Mary Astor: My Story
The Incredible Charlie Carewe

The Incredible
Charlie Carewe

MARY ASTOR

Doubleday & Company, Inc., Garden City, New York
1960

All of the characters in this book are fictitious,
and any resemblance to actual persons,
living or dead, is purely coincidental.

Library of Congress Catalog Card Number 60-11373

Copyright © 1960 by Mary Astor
All Rights Reserved
Digitized in the United States of America
First E-Book Edition

The Incredible Charlie Carewe

To
M. F. T. M.

C
HARLES
E
DGAR
B
ROUGHTON
C
AREWE
awoke as the clean, pelting drops of the summer rain slapped his stubbled jaw. The wetness slipped down the cleft in his chin, joining the spittle which had oozed from his slackened mouth. He grunted painfully as he raised his head from the leather back rest of the open convertible. His neck was stiff, his tailored tweeds were sodden. There were pools of water in the seat of the car mixed with rye whisky, the last from the bottle, which he still clutched in long strong fingers.

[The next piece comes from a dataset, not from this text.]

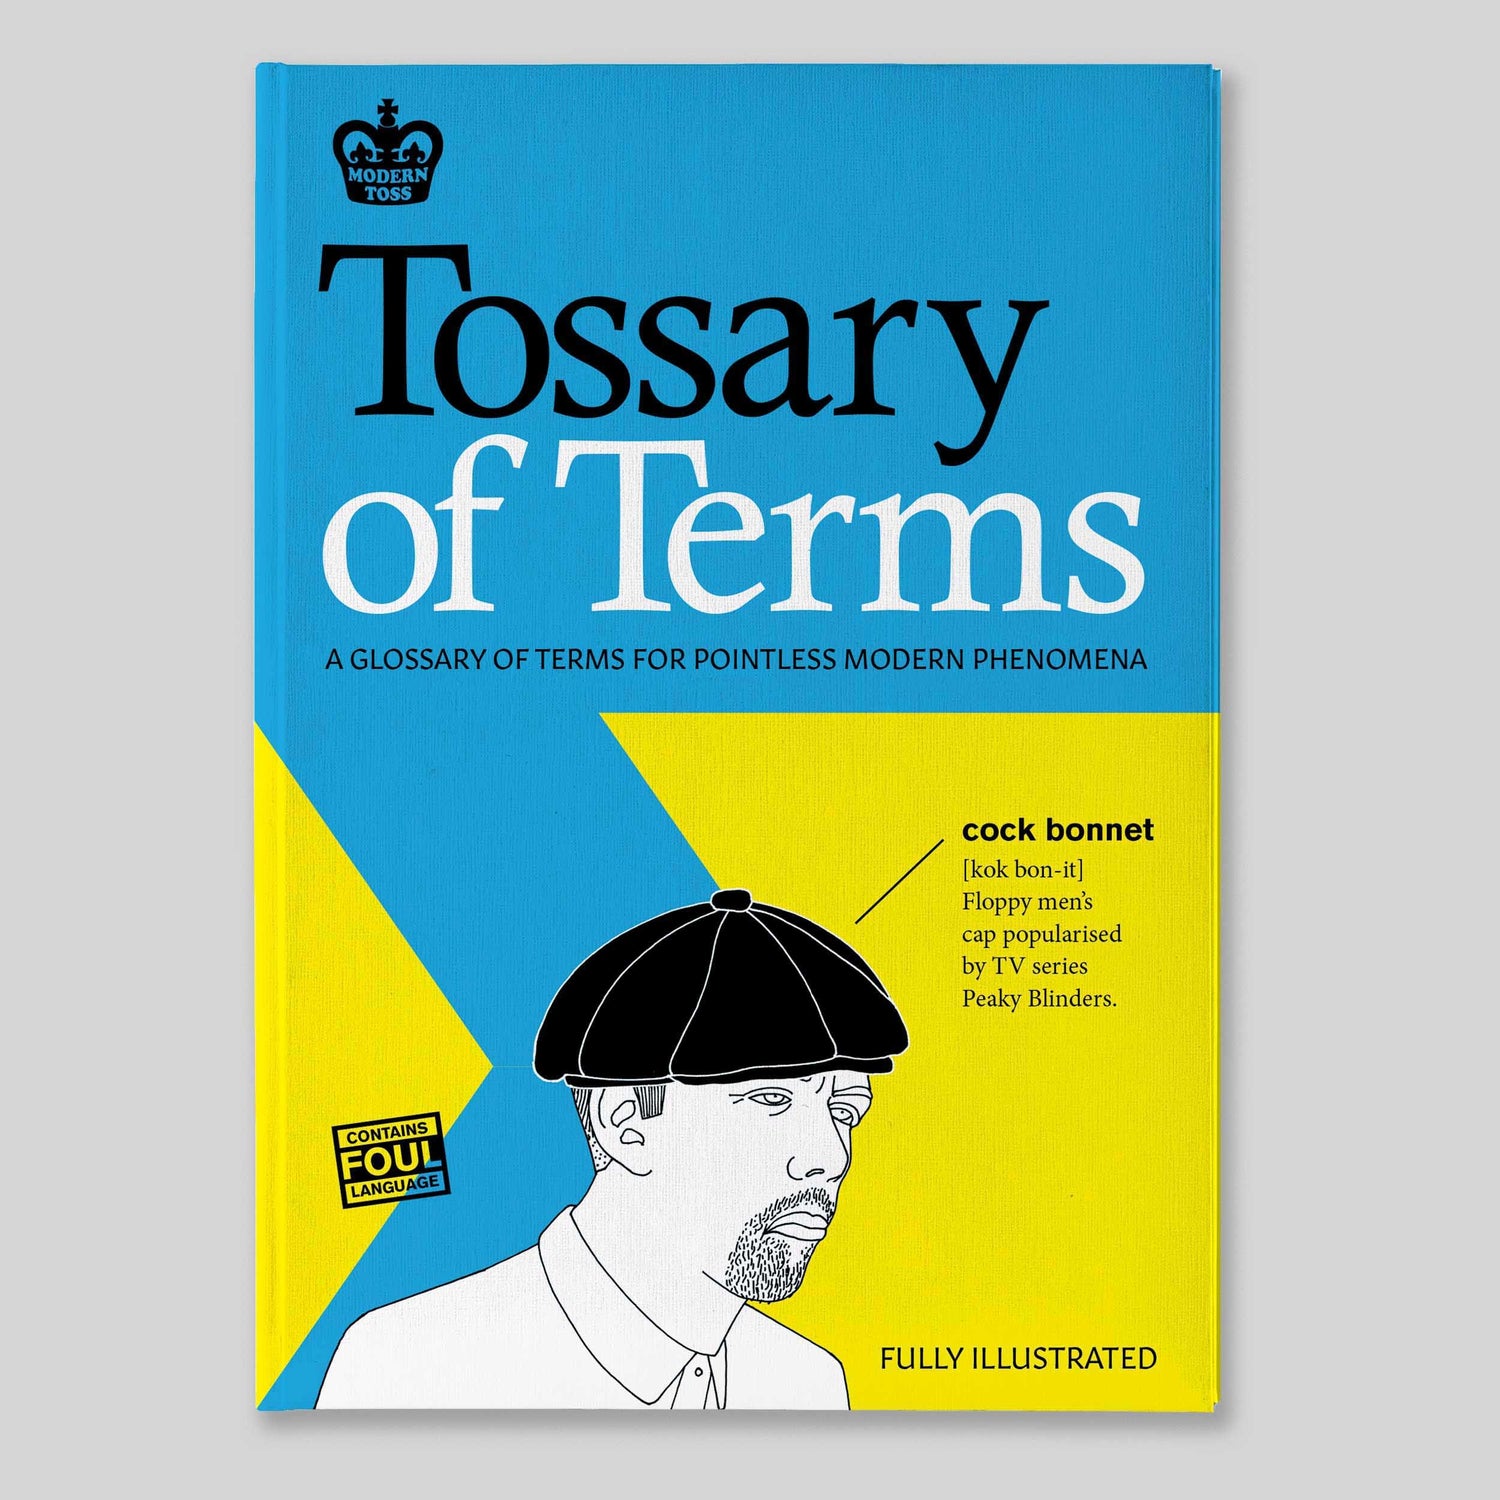 Tossary of Terms

There was a small sound of splintering glass as his feet slipped down over the instrument panel and he pushed himself erect. He tossed the empty pint over the windshield. Bouncing from the gleaming black hood, it ricocheted off the fender and slid to join other broken companions in the mud.

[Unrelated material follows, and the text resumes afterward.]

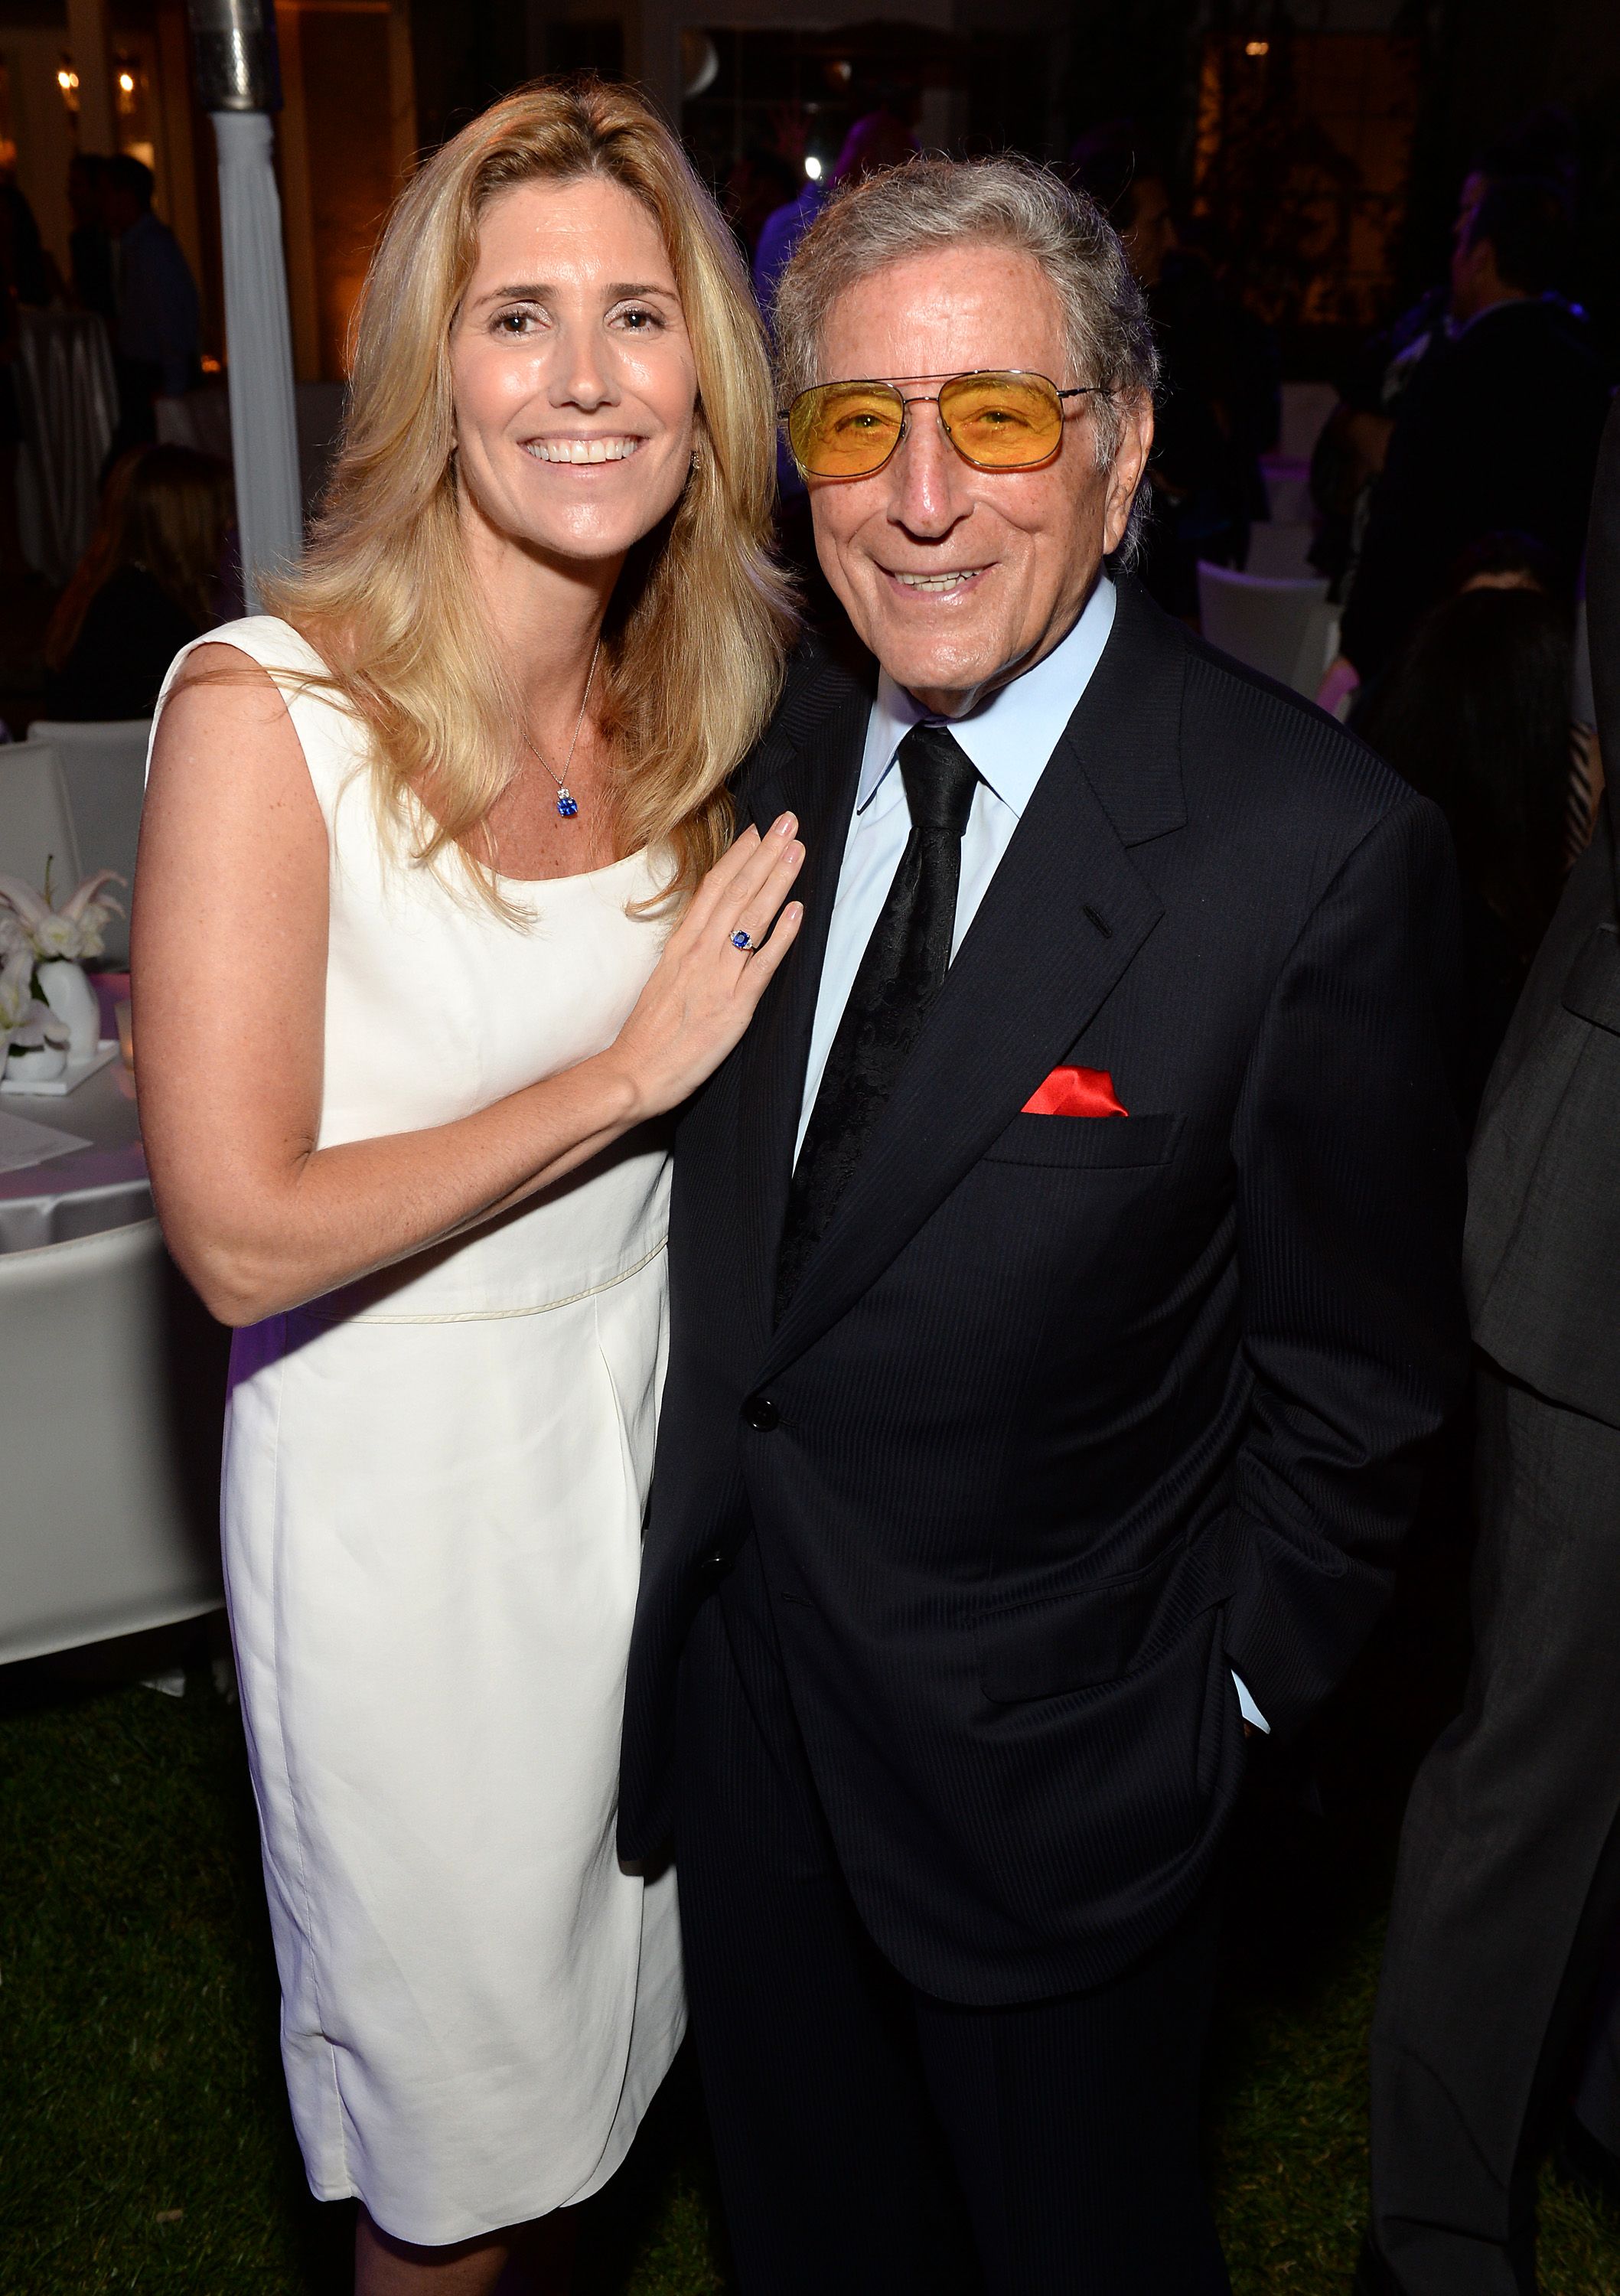 Tony Bennett and wife Susan Benedetto attend his 87th birthday celebration in 2013 in Beverly Hills | Source: Getty Images

Charlie was swearing. Soft and low, complete and obscene. The gas tank was empty. The engine “wah-wah-wahed” and whined once more into silence. “Stupid jerk!” Charlie finished mildly.

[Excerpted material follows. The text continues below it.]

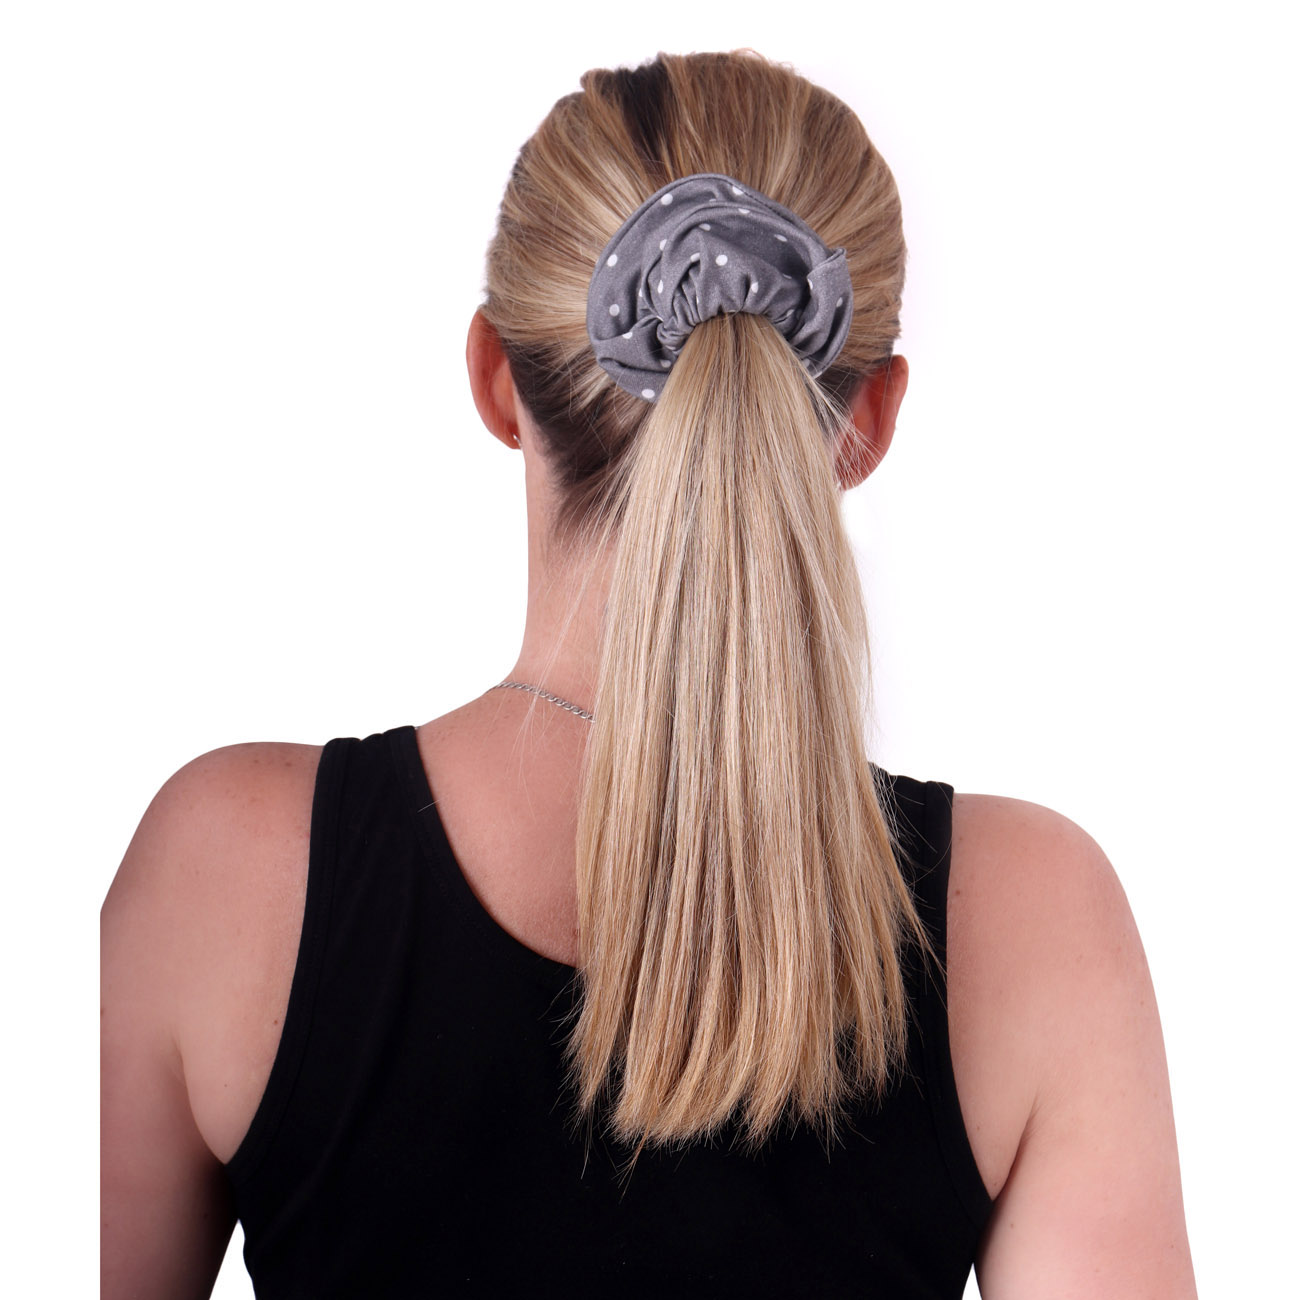 Fabric hair band, big, grey with white dot

The car was tilted at an angle, and without bothering to open the door, Charlie swung his long legs over the side. From the rear compartment he withdrew a canvas zippered bag and a black raincoat. Shedding his tweed jacket, he slipped into the raincoat and buttoned it up high. As he wadded the soaked smelly jacket into the bag he surveyed his surroundings to orient himself. The big T-bird was headed north. There were skid marks from the road where it Y-ed a little farther on, going east to the right through Mercer’s woods, the highway straight ahead to Nelson. The sign indicated, “20 mi.” Charlie ran his fingers through his hair, flattening down the curliness the rain had caused. He lunged up the side of the ditch and headed south.

The huge elms of the woods on his left shook their fists at the yellow sky, which muttered back at them. The leaves threw heavy drops of water into Charlie’s face, the wind whipped the raincoat around his knees. Whistling softly through his teeth, he walked quickly, staying off the highway, ready to duck if a car came along. His watch had stopped and he could not guess the time; the sky was overcast. It could be morning or evening or noon. After about two miles he stopped, looked in both directions, and walked out into plain view on the highway. There he turned and retraced his steps, north, slowly, occasionally walking backward. A small truck appeared, and Charlie stuck out a thumb.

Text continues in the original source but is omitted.